DOI: 10.3390/forecast8050091 ISSN: 2571-9394

Multiscale Visibility Forecasting over Complex Terrain Using High-Temporal-Resolution WRF Fields and a Physics-Informed Spatial Prior

Chen Yuan, Xiang Dai, Congying Li, Xing Wang, Shideng Mo, Zhihong Liu, Yang Zhang

Atmospheric visibility is an important meteorological variable affecting transportation, tourism, and agricultural production. Guizhou Province, located in the eastern Yunnan-Guizhou Plateau, has complex terrain and high humidity and is prone to fog-related low-visibility events. To meet the need for refined forecasts over complex terrain while reducing the cost of direct high-resolution forecasting over large areas, this study integrates high-temporal-resolution WRF (Weather Research and Forecasting) forecasts with deep learning to develop a multiscale model that combines coarse-scale spatiotemporal prediction with fine-scale spatial reconstruction. It provides hourly, spatially continuous visibility forecasts across Guizhou. The following results are established: (1) Multiscale WRF-ConvLSTM (MS-WRF-ConvLSTM) improves low-visibility forecasting compared with other models.
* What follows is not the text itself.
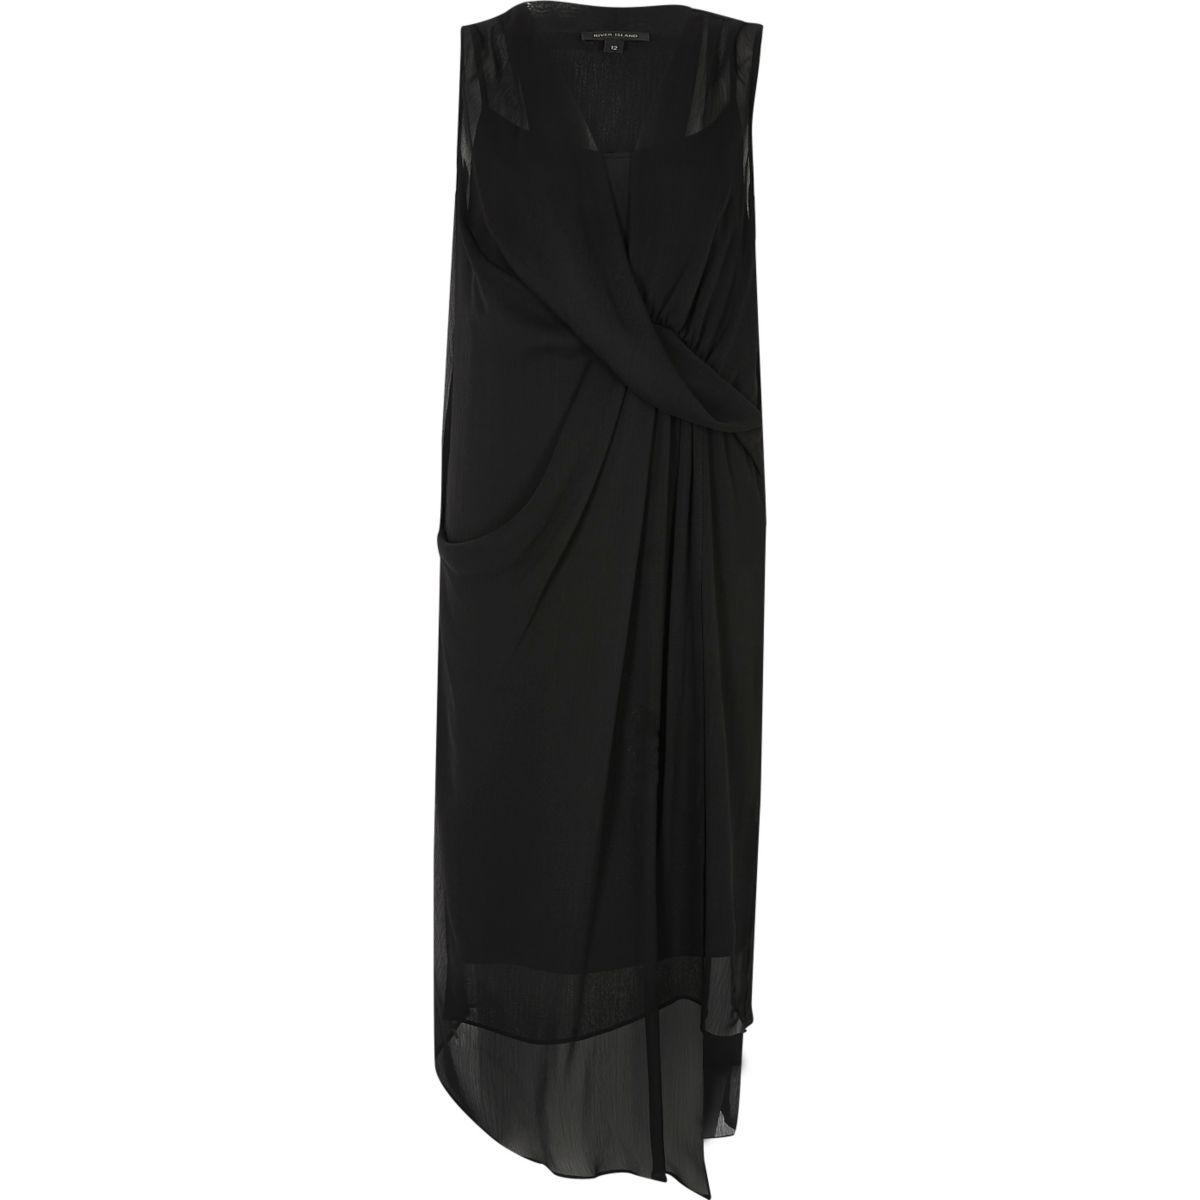 Black drape front swing dress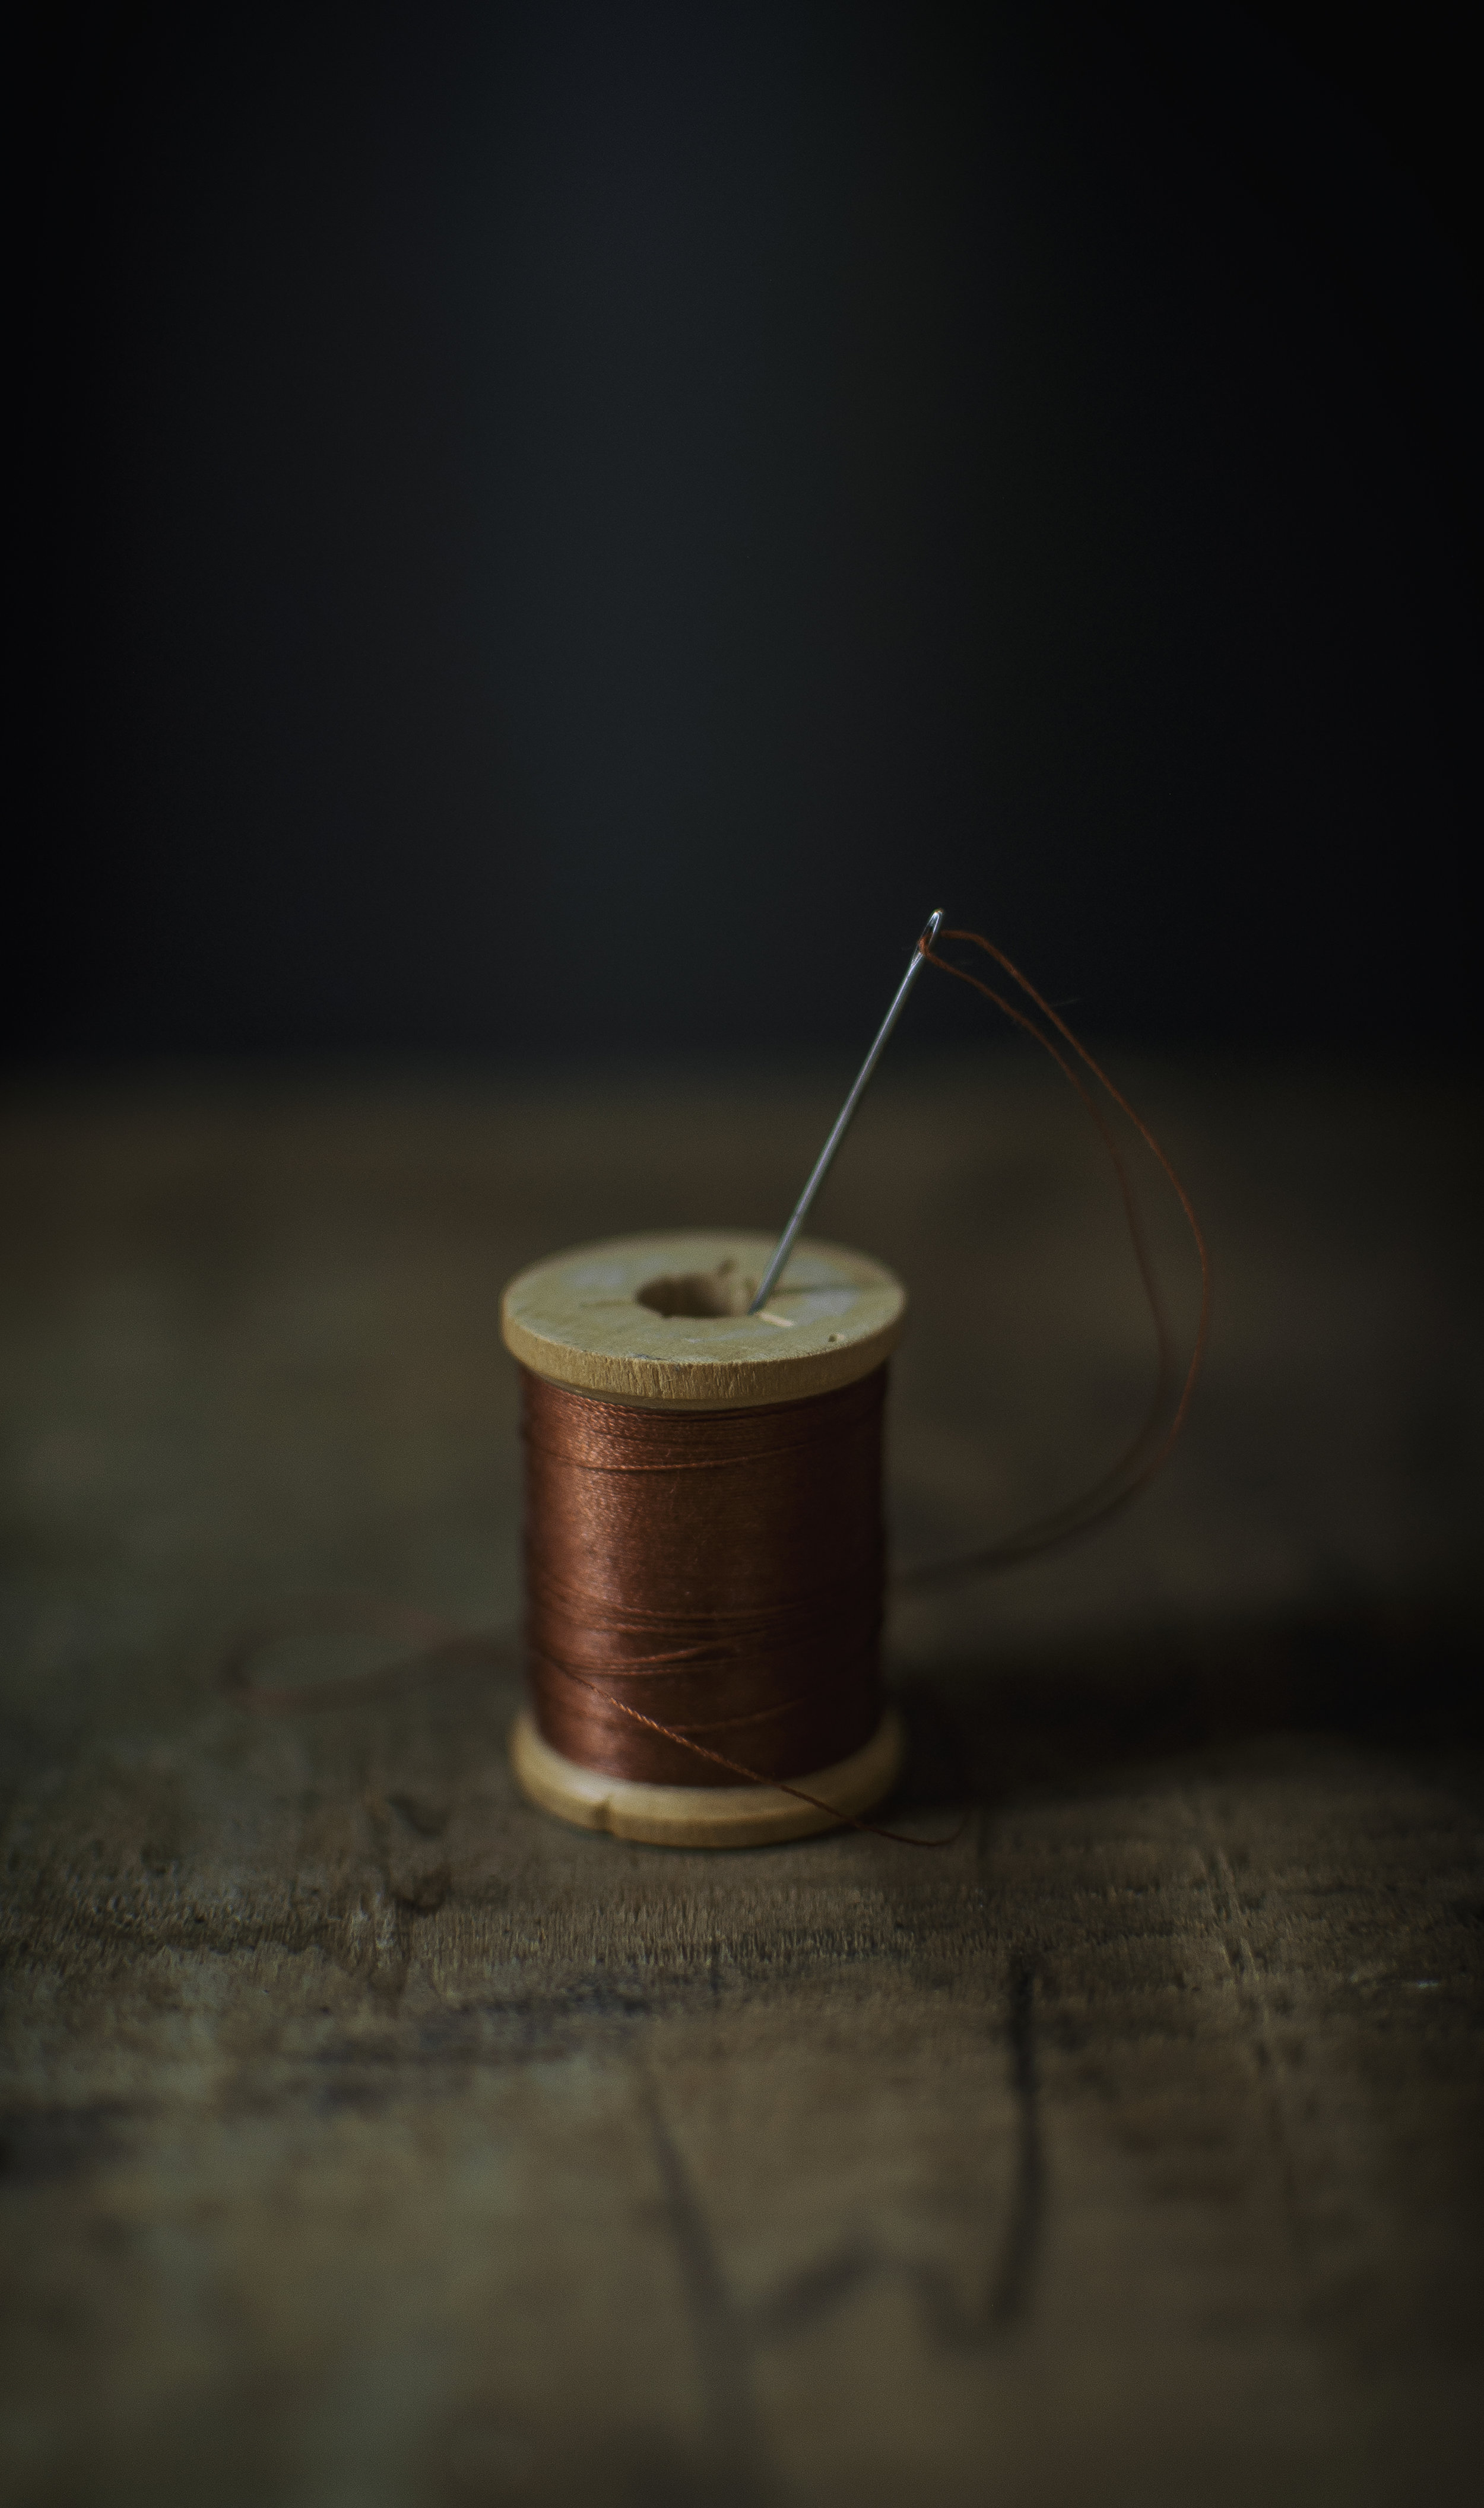 Objects_Sewing003.jpg

For the next 12 h, R ranges from 0.59 to 0.73 and RMSE from 0.81 to 1.01 km, while categorical scores indicate reliable event identification and stable performance across lead times. (2) By integrating multiscale information and learning regional spatial relationships, the model improves spatial continuity and local detail, making it suitable for refined forecasting over complex terrain. (3) Ablation experiments confirm the contributions of the multiscale structure, high-temporal-resolution data, and CVIS spatial constraint. Although CVIS has limited direct predictive accuracy, its spatial prior improves fine-scale reconstruction and balances accuracy with spatial detail. (4) SHAP analysis identifies historical visibility, elevation, slope, wind direction, dew-point temperature, air temperature, and specific humidity as important predictors. Learned spatial relationships among cities further improve regional visibility prediction.